Interplay of molten salt and dopants in tuning the performance of single-crystalline LiNiO2

Abstract

Single-crystalline layered oxide cathodes have seen great research interest in recent years. Adoption of single-crystal morphology improves mechanical robustness and eliminates intergranular boundaries, improving the chemical stability of the cathode. However, single-crystal cathodes also suffer from worsened lithium-diffusion kinetics stemming from the significantly increased diffusion path lengths. Sluggish lithiation kinetics induce concentration gradients within the cathode particle during cell operation, resulting in the accumulation of lattice strain, which deteriorates cell performance. Foreign dopants have been shown to greatly improve ion diffusion in many high-Ni layered oxide cathode systems. In particular, we identify Ti and Te as promising dopants to ameliorate the slow diffusion kinetics.
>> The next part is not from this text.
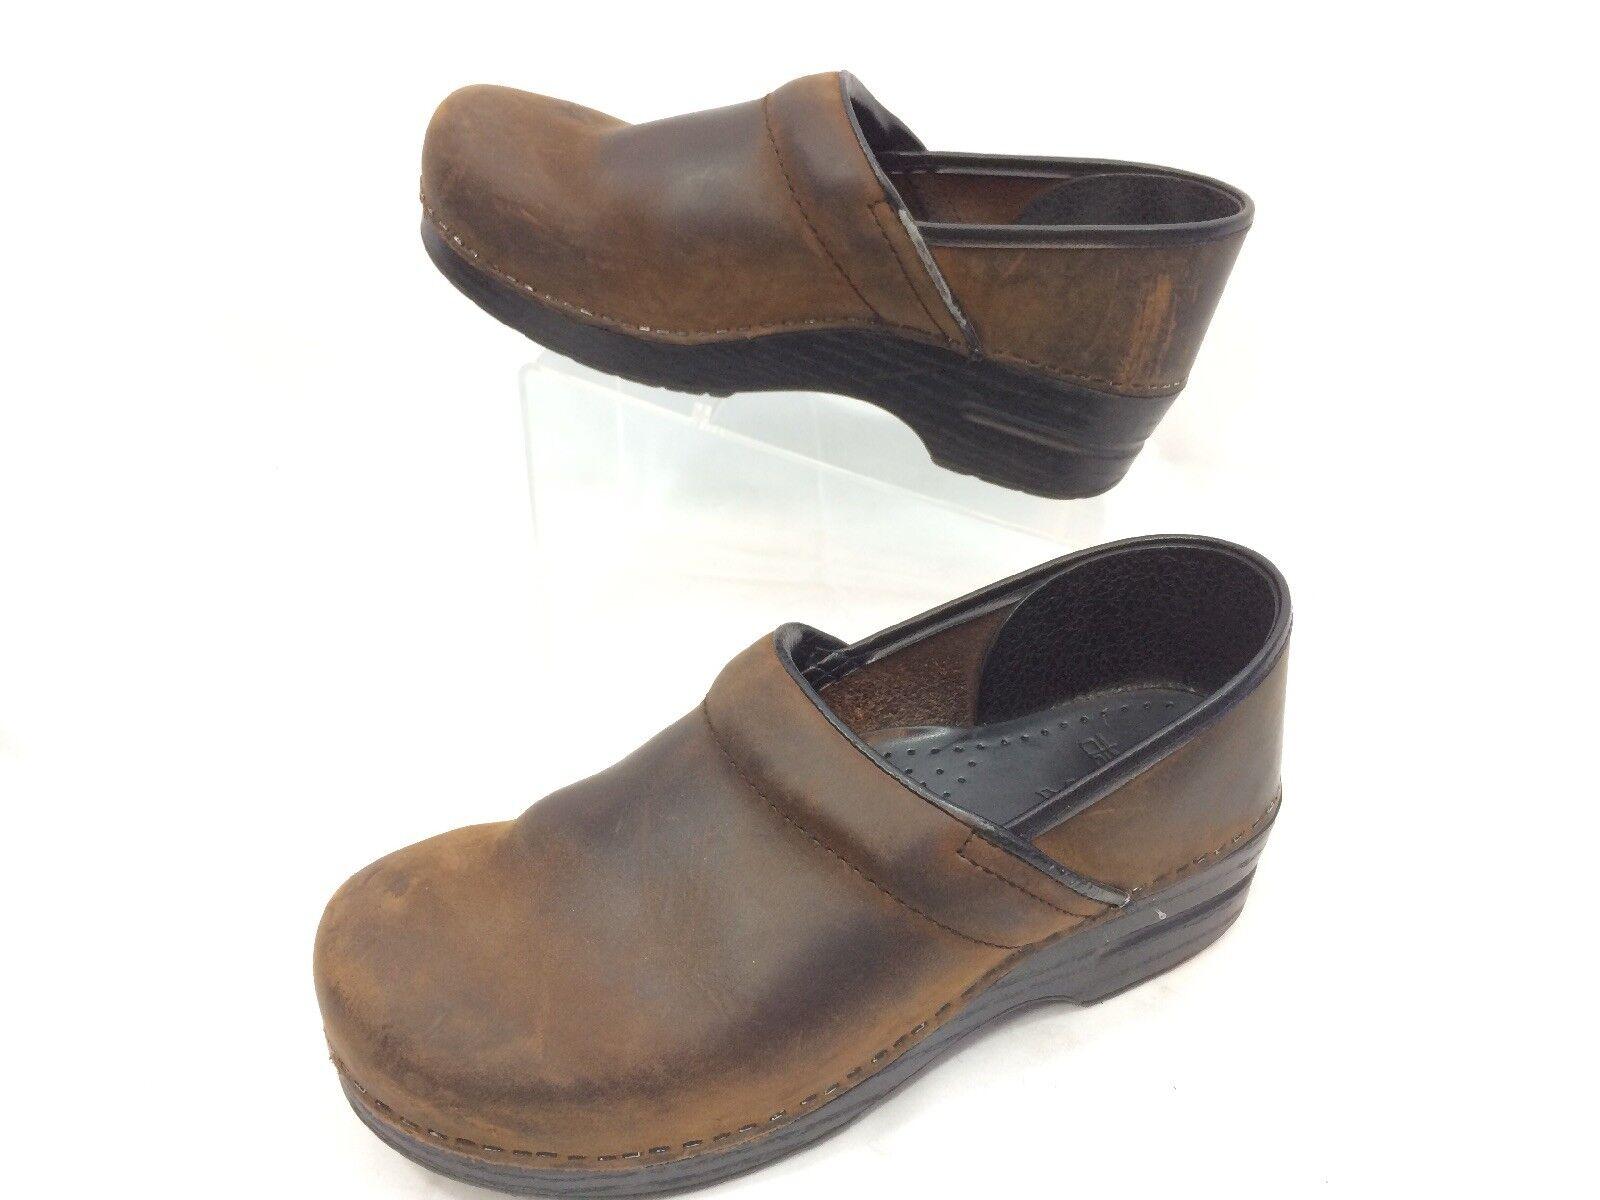 Dansko Danish Clogs Size 40 US 9.5 - 10 10 - Slip On Brown Shoes 33716f

We find that doping 1 mol.% Te into single crystal LiNiO2 greatly improves Li + diffusivity, as determined through galvanostatic intermittent titration technique. Further incorporating 2 mol.% Al and pairing with lithium-metal anode in a localized high concentration electrolyte (LHCE) delivers 206 mA h g−1 at C/3 rate and retains 94% capacity after 100 cycles in Li metal half cells. By addressing kinetically mediated degradation with Te doping, and surface-based degradation with Al and LHCE, the cathode experiences very little polarization and overpotential growth, enabling stable cycling with high accessible capacity.